Local control and vertebral compression fractures following stereotactic body radiotherapy for spine metastases

Yurday Ozdemir; Nese Torun; Ozan Cem Guler; Berna Akkus Yildirim; Ali A Besen; Aylin Gunesli Yetisken; H Cem Onal; Erkan Topkan

doi:10.1016/j.jbo.2019.100218

Local control and vertebral compression fractures following stereotactic body radiotherapy for spine metastases

J Bone Oncol. 2019 Jan 24:15:100218. doi: 10.1016/j.jbo.2019.100218. eCollection 2019 Apr.

Authors

Yurday Ozdemir¹, Nese Torun², Ozan Cem Guler¹, Berna Akkus Yildirim¹, Ali A Besen³, Aylin Gunesli Yetisken⁴, H Cem Onal¹, Erkan Topkan¹

Affiliations

¹ Department of Radiation Oncology, Baskent University Medical Faculty, Kisla Saglik Yerleskesi, 01120 Adana, Turkey.
² Department of Nuclear Medicine, Baskent University Medical Faculty, Adana, Turkey.
³ Department of Medical Oncology, Baskent University Medical Faculty, Adana, Turkey.
⁴ Department of Radiology, Baskent University Medical Faculty, Adana, Turkey.

Abstract

Purpose: We aimed to retrospectively assess the incidence of vertebral compression fractures (VCF), examine clinicopathologic factors potentially associated with VCF, and evaluate treatment response in patients who received stereotactic body radiotherapy (SBRT) for spine metastases (spMets).

Methods and materials: We identified 78 patients with 125 spMets at baseline and subsequent assessments. Patients received SBRT doses of 16 or 18 Gy. Patients with pre-existing VCF and co-existing local progression were excluded. Spine instability neoplastic score (SINS) was used for spMets categorization. Response to SBRT and VCF were assessed according to the Positron Emission tomography Response Criteria In Solid Tumors (PERCIST) and Genant scores, respectively. Kaplan-Meier analyses were used to assess local control of disease and vertebral compression fracture-free survival (FFS).

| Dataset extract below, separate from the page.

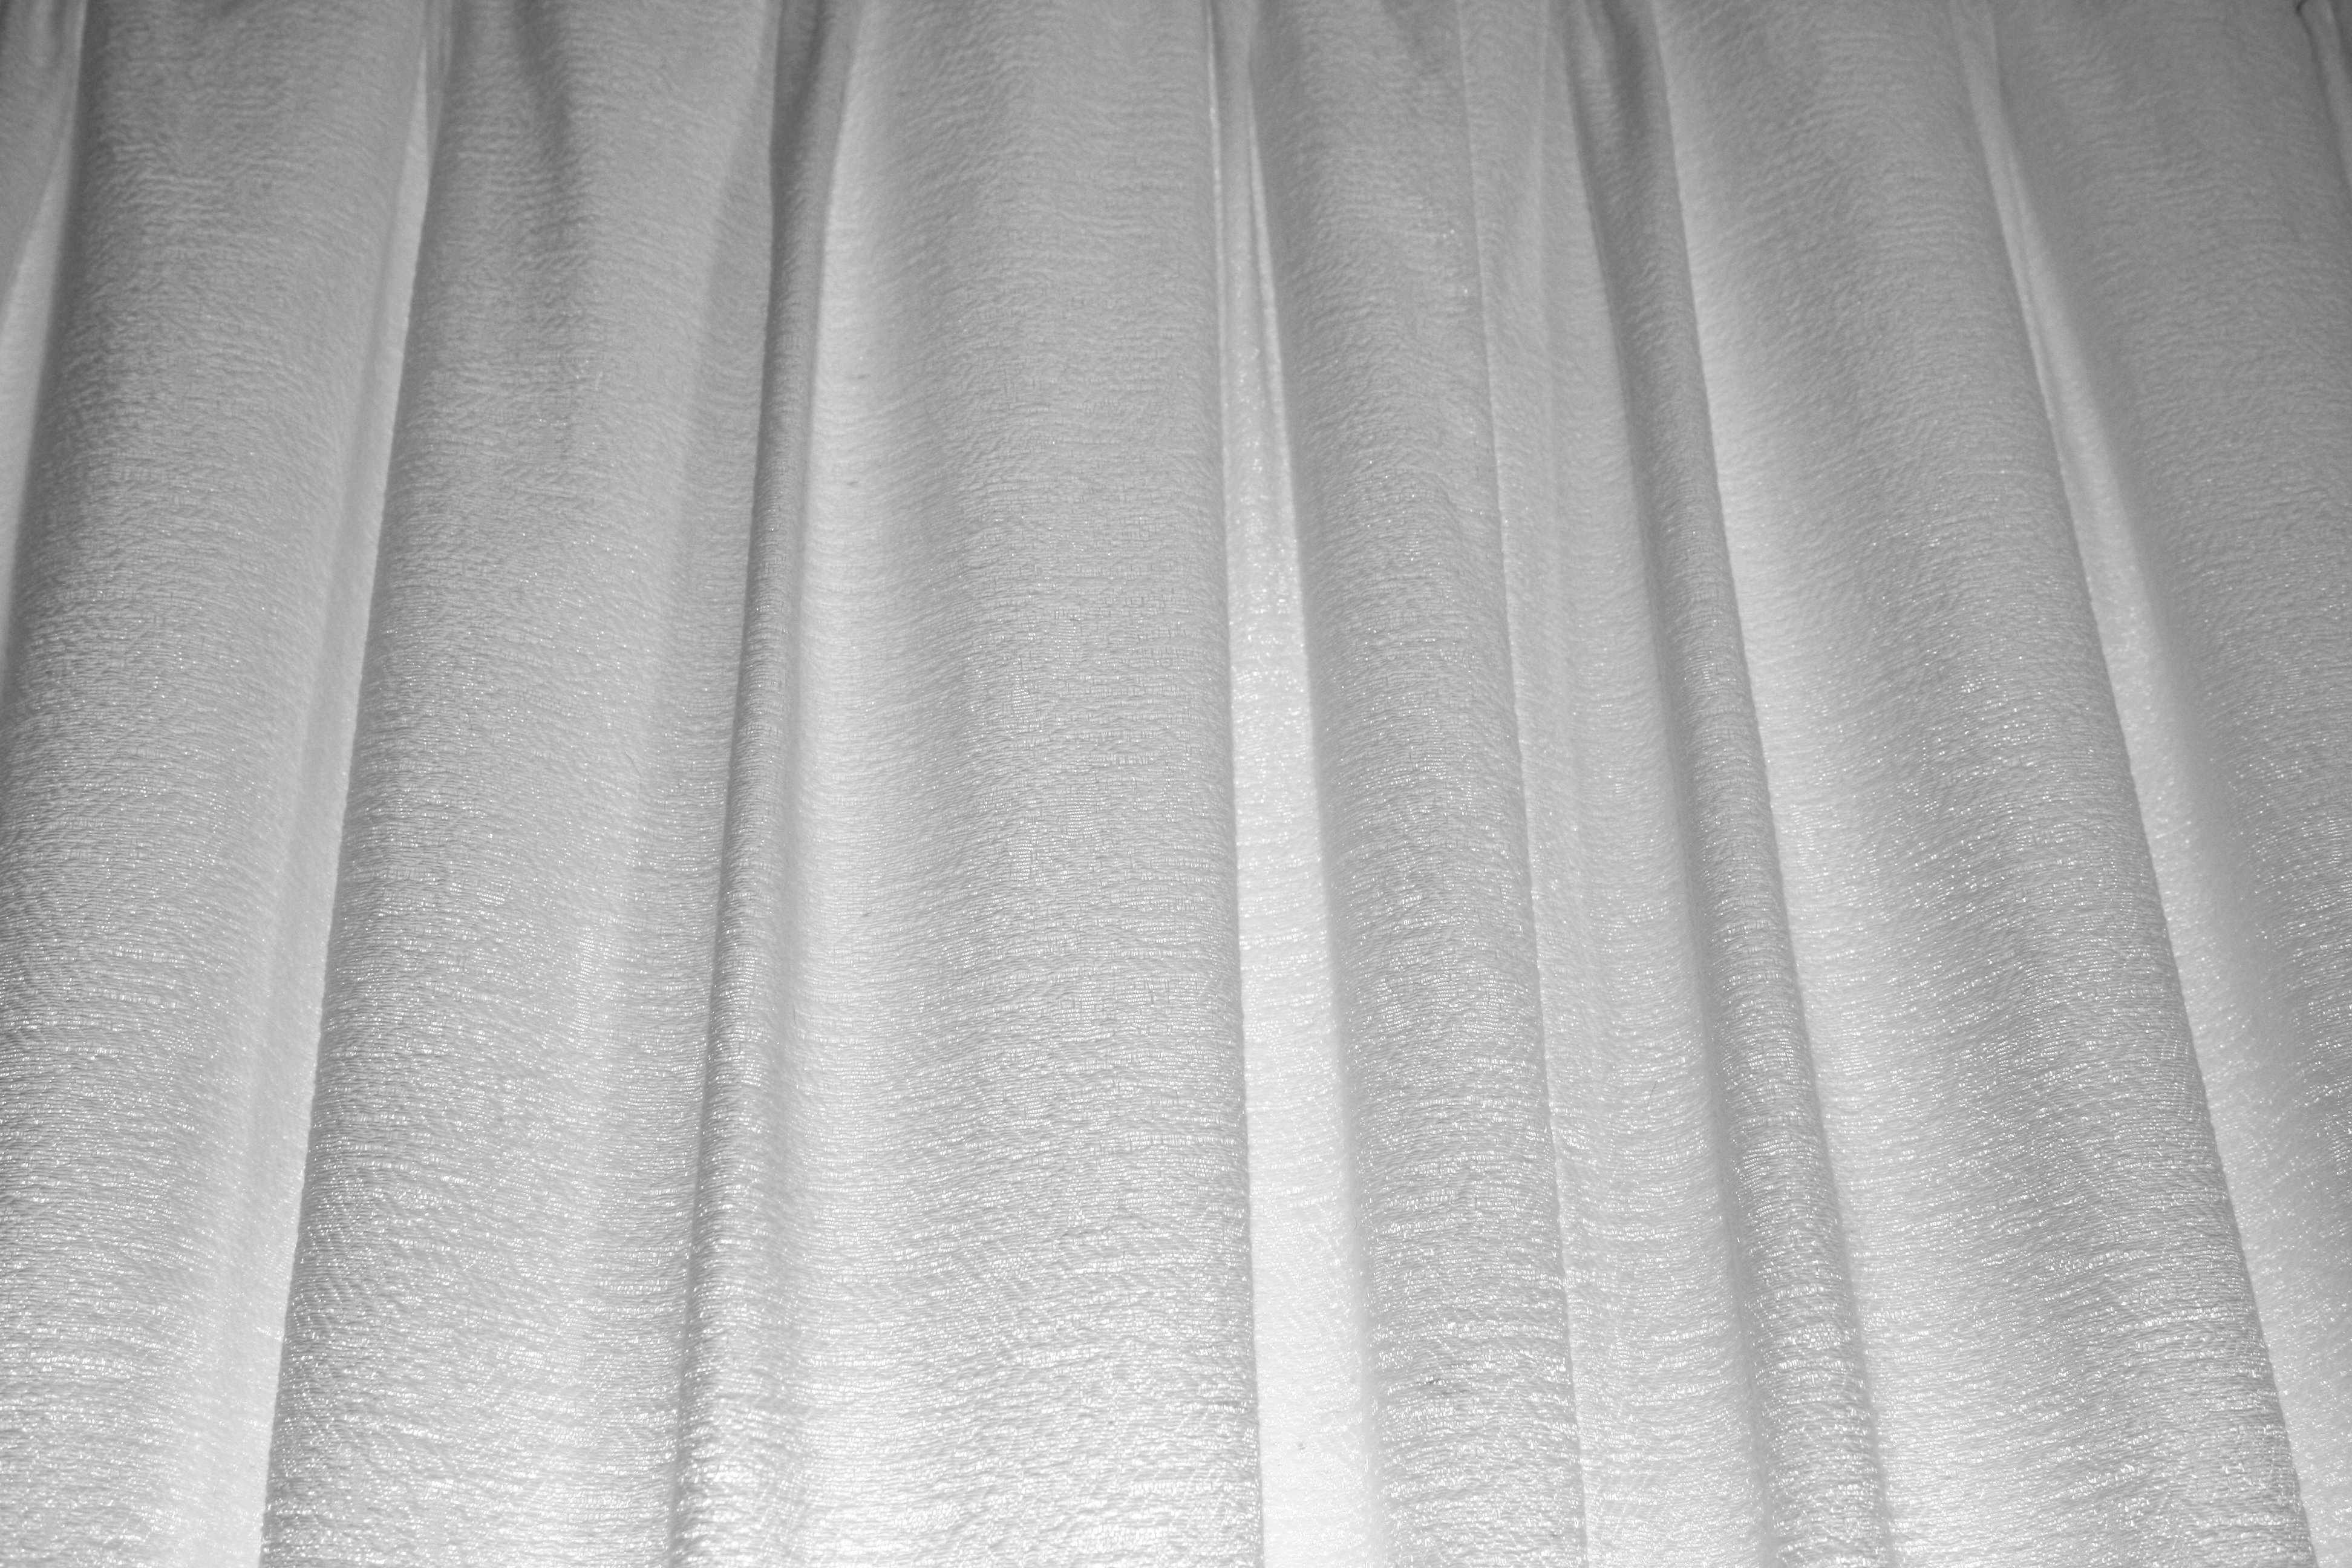 White Curtains Texture Picture Photograph Photos Public

Results: We treated 103 cases with single spMets and 11 cases involving double spMets with SBRT. Progressive disease was reported in 3.2% and 8.2% of the cases in the first and last PET/CT reports, respectively. The distribution of treatment response in the remaining patients was: complete response in 30.6% of patients, partial response in 47.1% of patients, and stable disease in 22.3% of patients in the first PET/CT; complete response in 62.3% of patients, partial response in 16.7% of patients, and stable disease in 21% of patients at the last monitoring. Local failures were observed in 15 (12%) of cases. Median SINS was 5 (range: 1-13); majority of patients in our cohort (70.4%) were categorized as stable according to SINS, five (4%) patients had Grade 3 VCF at a median time of 16 months after SBRT (range: 2-22 months), and 60% of VCF occurred after an interval of at least 12 months after SBRT. No bisphosphonate usage was significantly associated with VCF (r = -0.204; p = 0.022). Median FFS was 21 months. Univariate analyses indicated that female gender (p < 0.001), bisphosphonate use (p = 0.005), >6 months of bisphosphonates use (p = 0.002), and the lowest vertebral body collapse score (p = 0.023) were associated with higher FFS. Female gender (p = 0.007), >6 months of bisphosphonates usage (p = 0.018), and the lowest vertebral body collapse score (p = 0.044) retained independent significance.

Conclusions: This study demonstrated that spine SBRT with doses of 16-18 Gy promises good local control of disease with acceptable VCF rates. Lowest vertebral body collapse score, female gender, and >6 months of bisphosphonate use were significantly associated with longer FFS.

Keywords: Bisphosphonate; FFS, vertebral compression fracture-free survival; PERCIST, Positron Emission tomography Response Criteria in Solid Tumors; PET/CT; PSMA, prostate-specific membrane antigen; SBRT; SBRT, stereotactic body radiotherapy; SINS, spine instability neoplastic score; SUL, lean body mass SUV; SUV, standardized uptake values; Spine metastases; VCF, vertebral compression fractures; Vertebral compression fracture; spMets, spine metastases.